Returning to the problem of the mine waste, Roberts said:

“The two largest reservoirs, Lake Mead and Lake Powell, are at 39% and 52% of capacity. The massive lakes on which the Western United States is dependent are drying up. And now Lake Powell is faced with receiving 3 million gallons of waste water containing arsenic, lead, copper, aluminium and cadmium. Wells in the flood plains of the polluted rivers are also endangered.

“The pollutants, which turned the rivers orange, flowed down the Animus River from Silverton, Colorado through Durango into the San Juan River in Farmington, New Mexico, a river that flows into the Colorado River that feeds Lake Powell and Lake Mead.

“All of this damage from one capitalist mine. ”

Finally, Roberts commented on the political dimension to the above. It seems that in November 2014 the U.S. republican Rep Chris Stewart (Utah) navigated a bill through the House which was ..

“ designed to prevent qualified, independent scientists from advising the Environmental Protection Agency (EPA). They will be replaced with industry affiliated choices, who may or may not have relevant scientific expertise, but whose pay-checks benefit from telling the EPA what their employers want to hear” [see ref.2]

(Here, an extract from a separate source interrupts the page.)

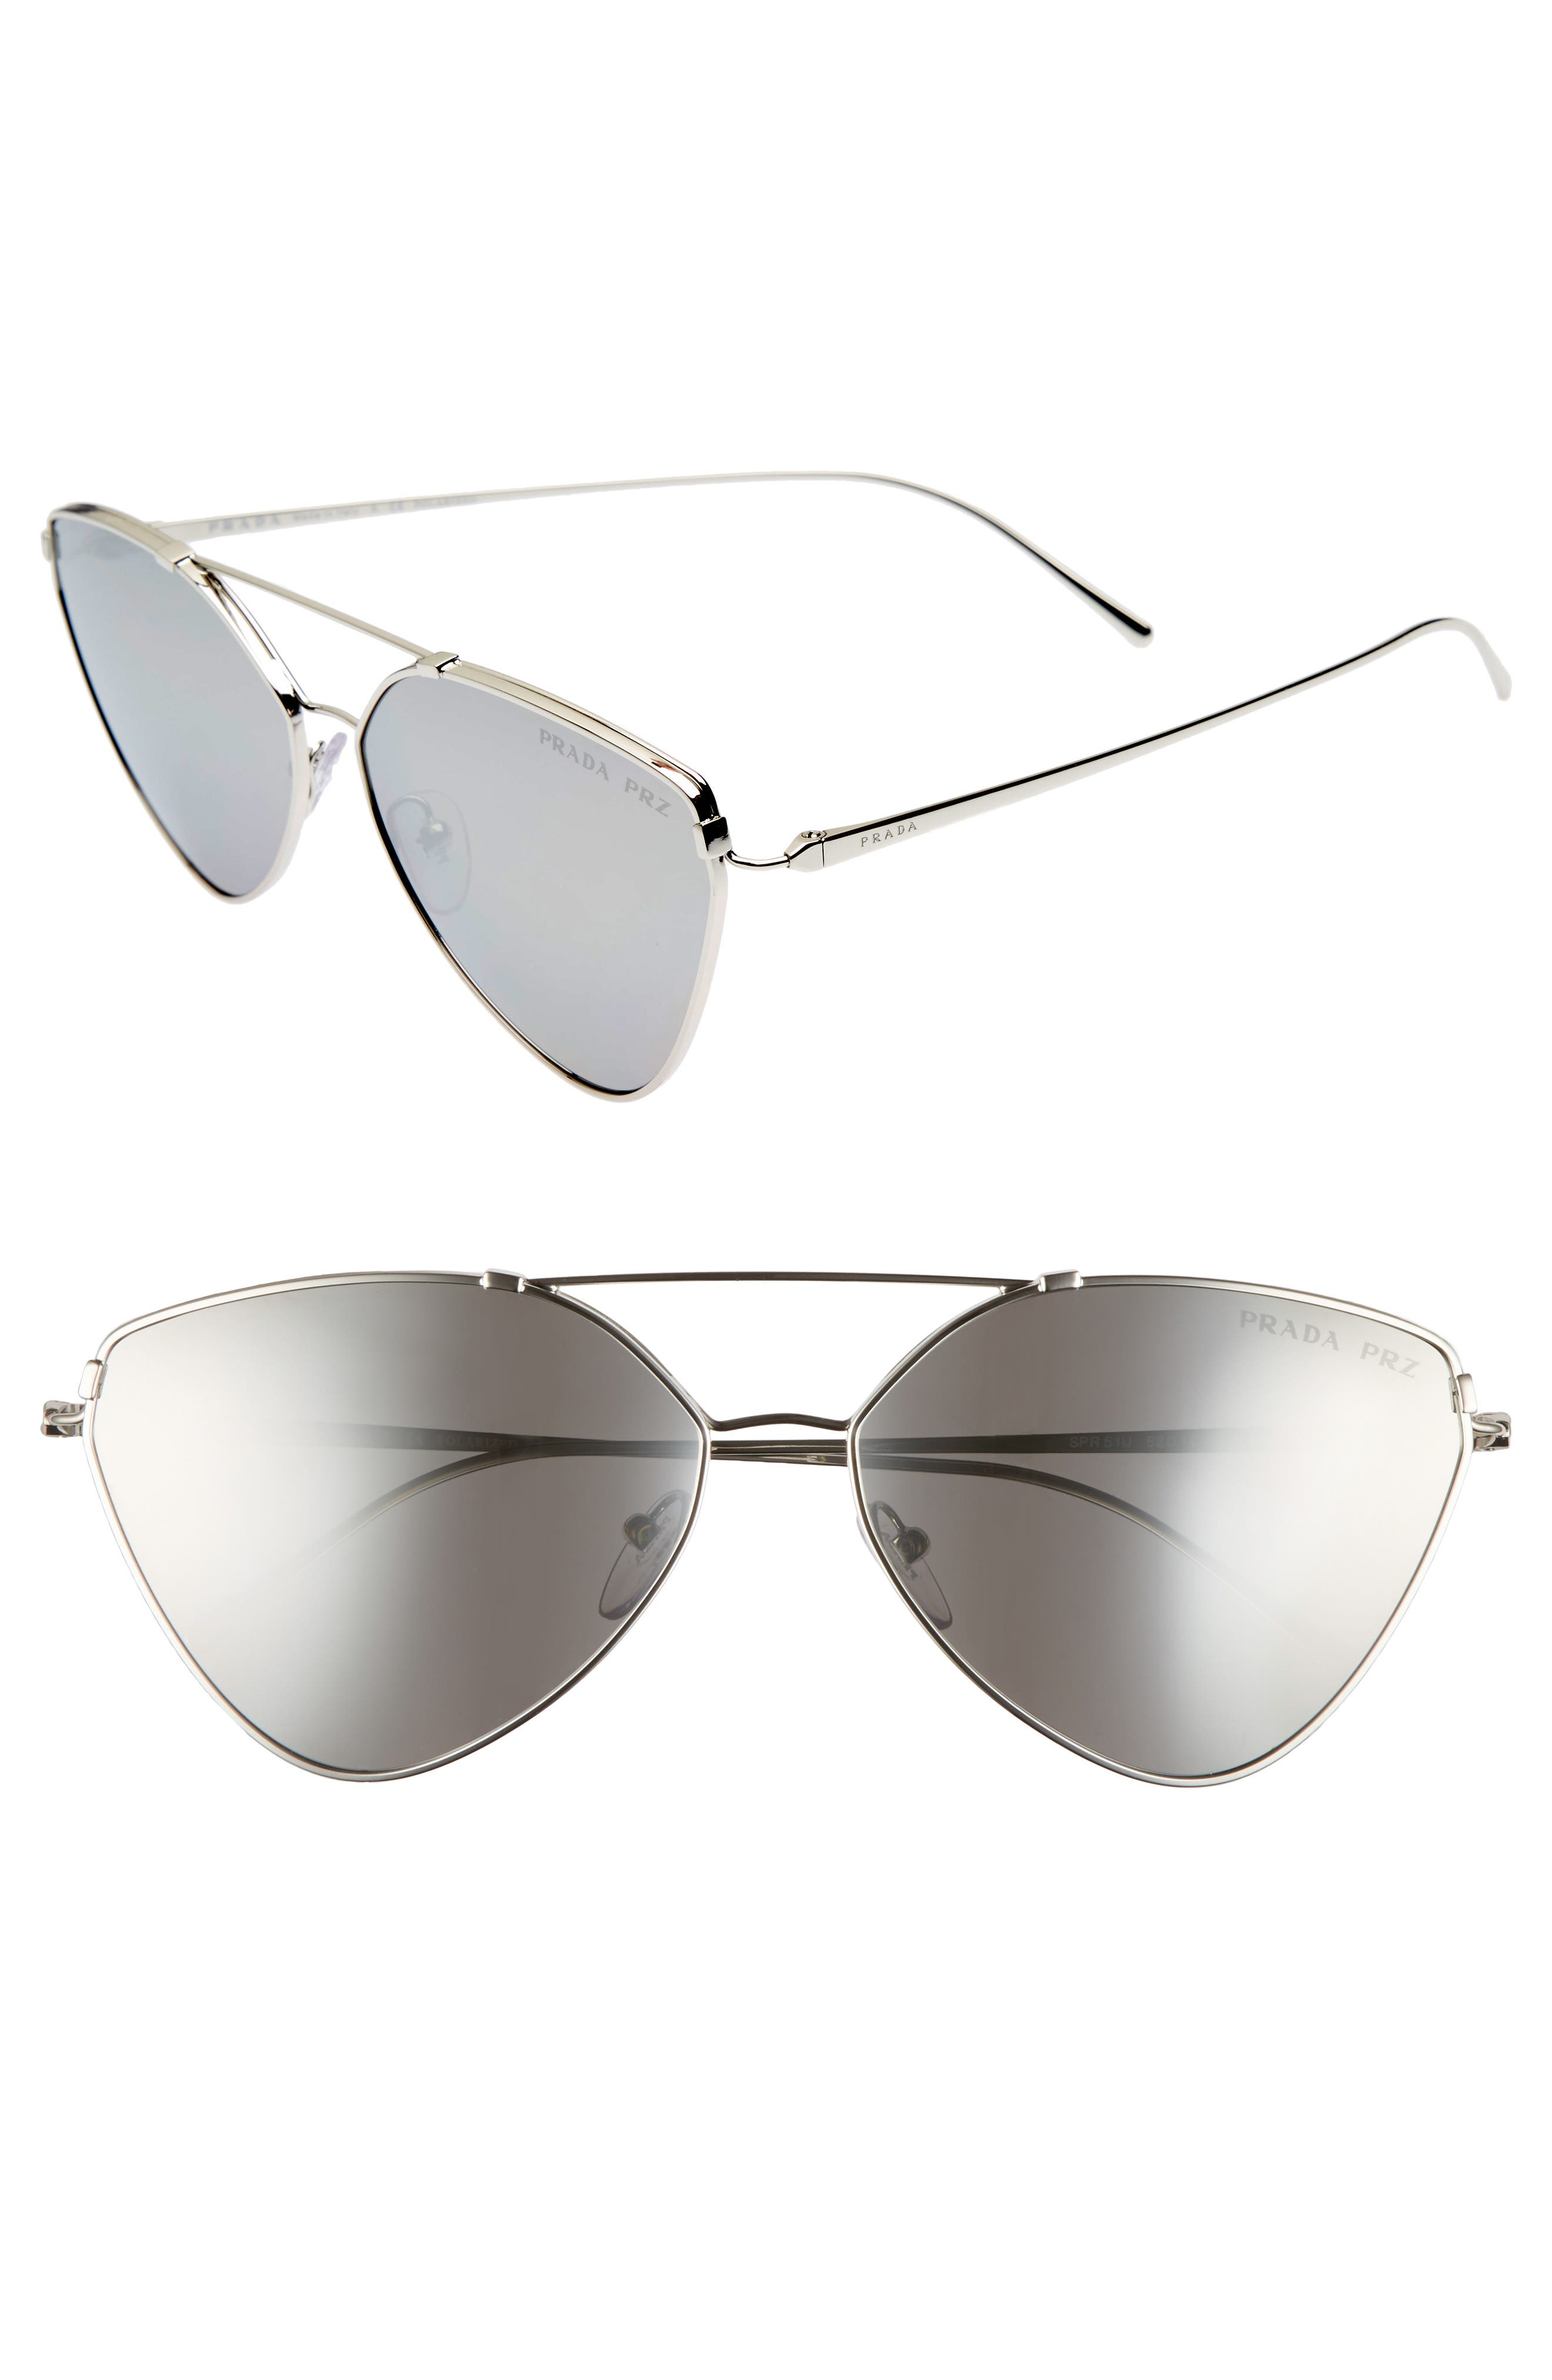 62mm Polarized Oversize Aviator Sunglasses,                         Main,                         color, 042

According to Roberts, Rep. Stewart said it is a matter of balancing scientific facts with industry interests.

References:

  1. http://www.alternet.org/environment/epas-colorado-mine-spill-what-you-need-know?

  2. http://www.iflscience.com/environment/epa-barred-getting-advice-scientists

Source: Paul Craig Roberts website http://www.paulcraigroberts.org/2015/08/11/social-cost-capitalism-paul-craig-roberts/

Paul Craig Roberts has a PhD in economics from the Univ of Virginia, and is a voluminous author and blogger. He served for one year as Assistant Treasury Secretary for Economic Policy in the Reagan administration. He is a former editor and columnist for the Wall Street Journal, Business Week, and Scripps Howard News Service. During the 21st century, he has frequently published in Counterpunch, writing extensively about the effects of the Bush (and later Obama) administrations related to the War on Terror, which he says have destroyed the U.S. Constitution’s protections of citizens’ civil liberties, such as habeas corpus and due process.